Right, I think we need to set nbytes to new file->pos as shown below

> + file->pos = (int) (curOffset - file->curOffset);
>  file->nbytes = file->pos


> 2.
> + int curFile = file->curFile;
> + off_t curOffset = file->curOffset;
>
> I find the previous naming (newFile, newOffset) was better as it
> distinguishes them from BufFile variables.

Ok

> 3.
> +void
> +SharedFileSetUnregister(SharedFileSet *input_fileset)
> +{
> ..
> + /* Delete all files in the set */
> + SharedFileSetDeleteAll(input_fileset);
> ..
> }
>
> I am not sure if this is completely correct because we call this
> function (SharedFileSetUnregister) from BufFileDeleteShared which
> would have already removed all the required files.

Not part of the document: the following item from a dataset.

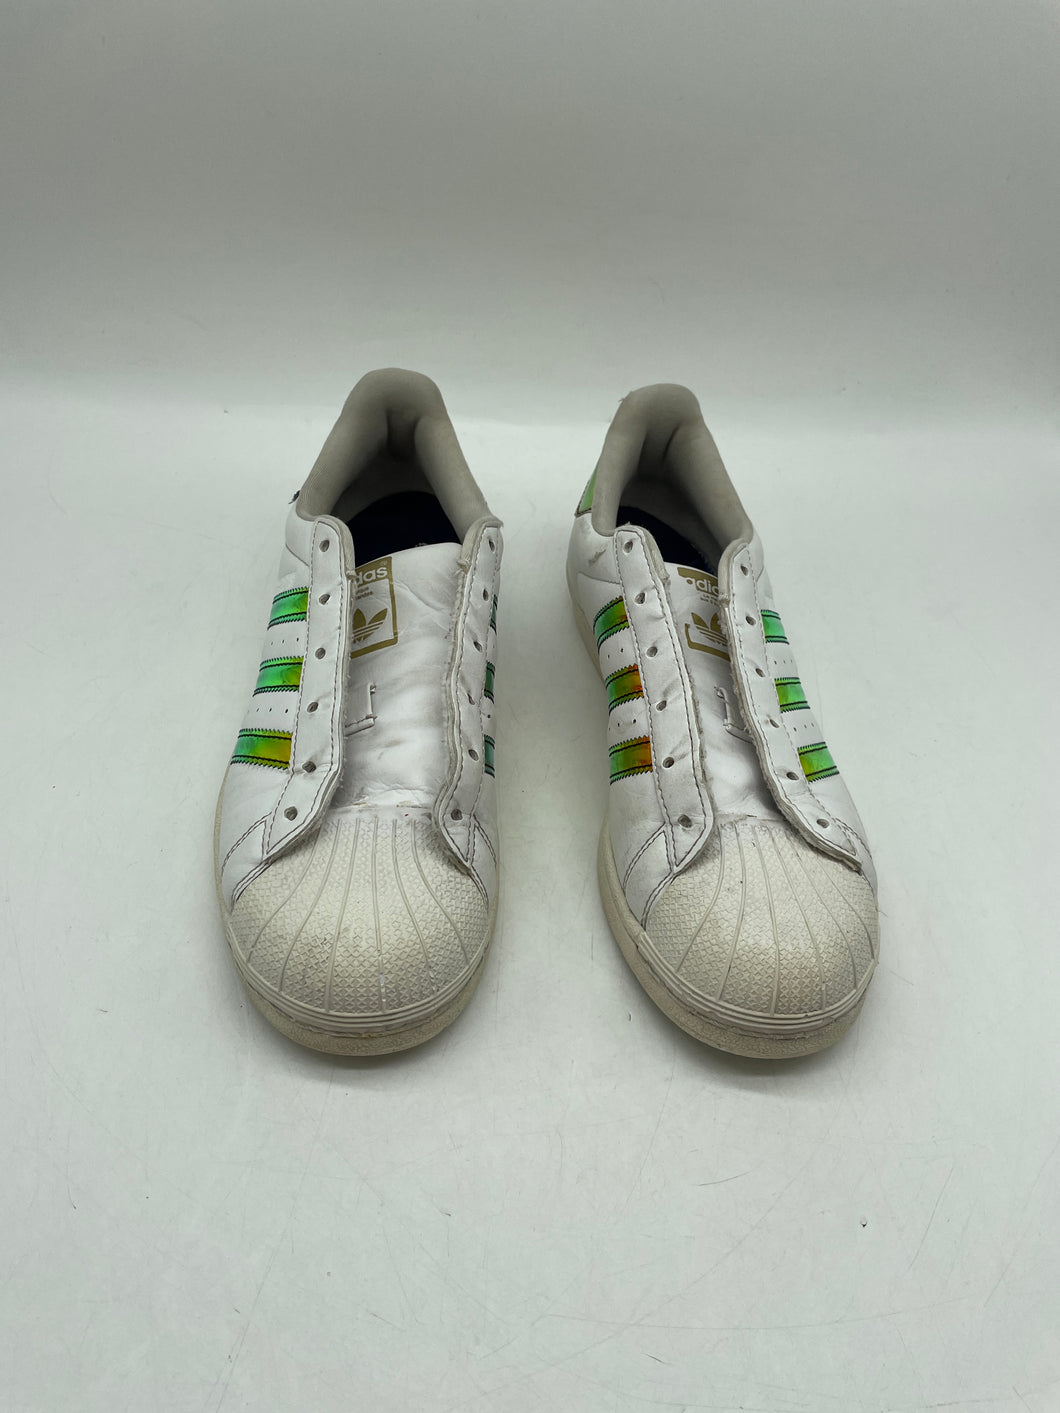 Adidas Boys Superstar White Leather Lace Up Low Top Sneakers Shoes Size 5
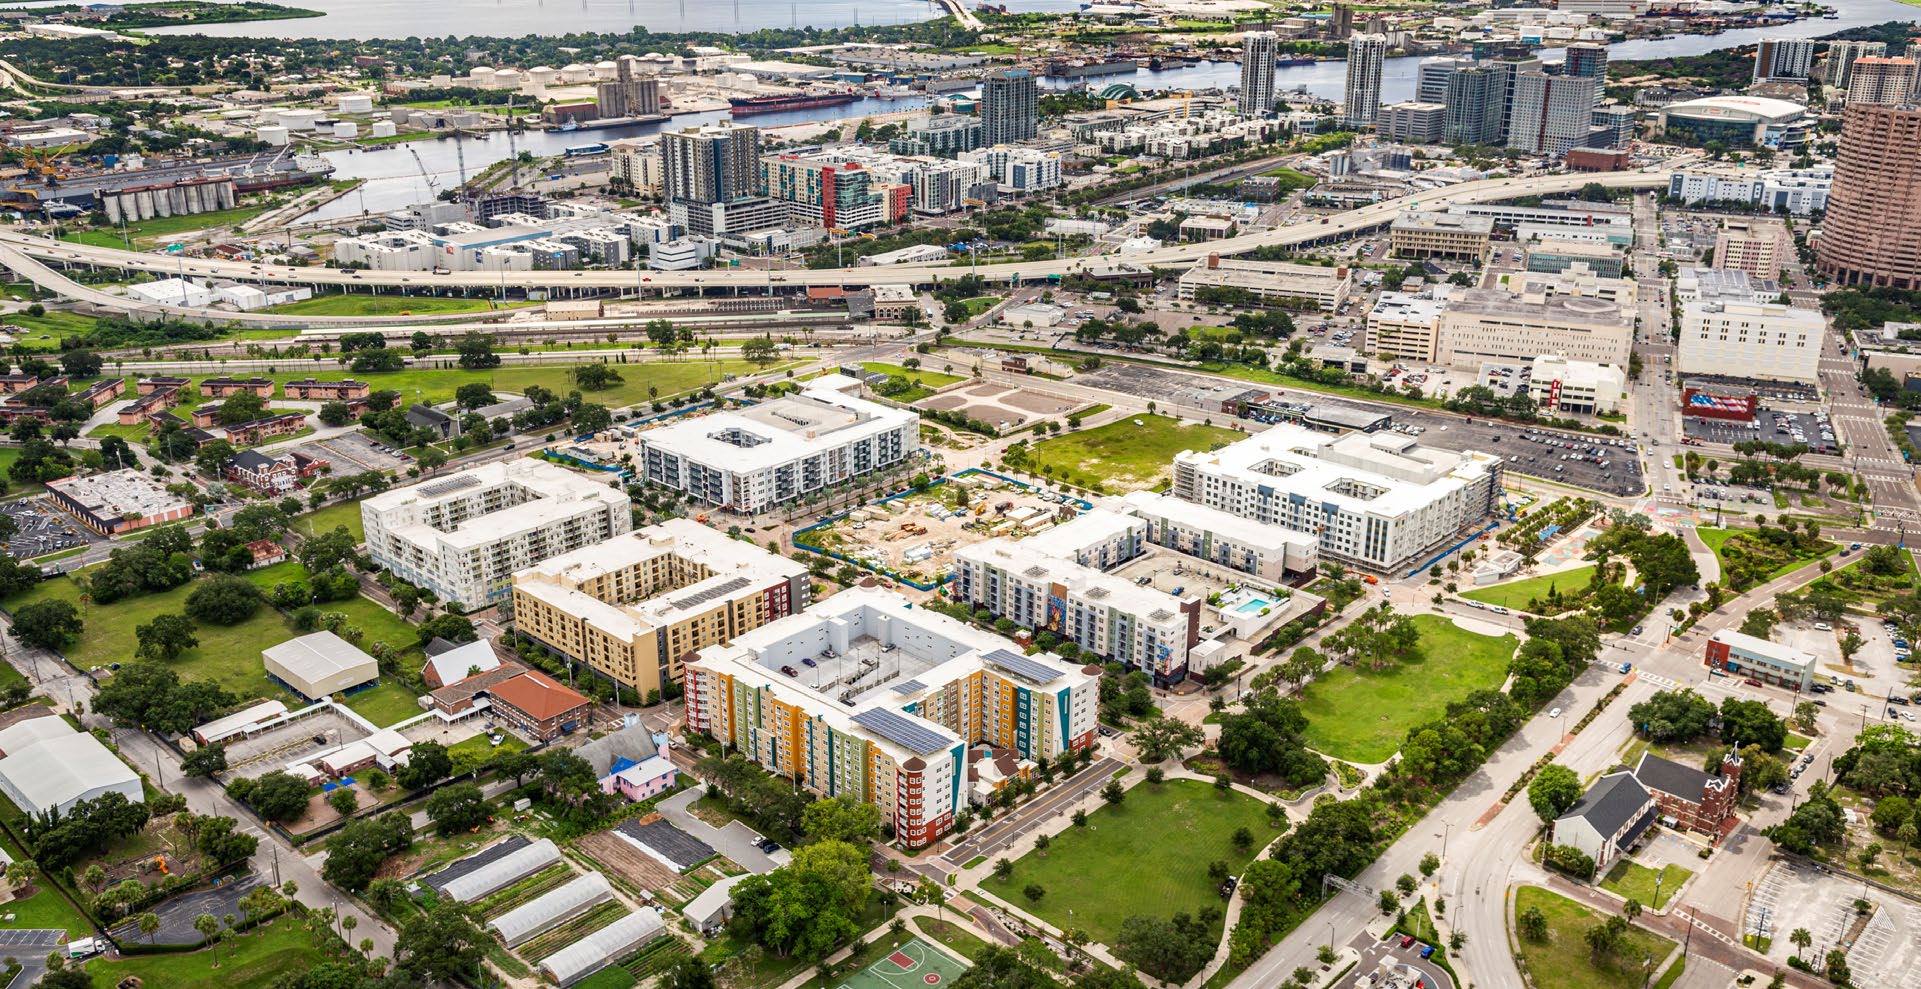 Aerial View of the Encore Buildings (Reed, Ella, Tempo, Trio), Job Training Center, Urban Farm, St. James Church, Solar Art at Technology Park, the Independence, Legacy, and Lot 12 (Adderley)

This raises the
> question in my mind whether it is correct to call
> SharedFileSetUnregister from BufFileDeleteShared from the API
> perspective as one might not want to remove the entire fileset at that
> point of time. It will work for your use case (where while removing
> buffile you also want to remove the entire fileset) but not sure if it
> is generic enough. For your case, I wonder if we can directly call
> SharedFileSetDeleteAll and we can have a call like
> SharedFileSetUnregister which will be called from it.

Yeah this make more sense to me that we can directly call
SharedFileSetDeleteAll, instead of calling BufFileDeleteShared and we
can call SharedFileSetUnregister from SharedFileSetDeleteAll.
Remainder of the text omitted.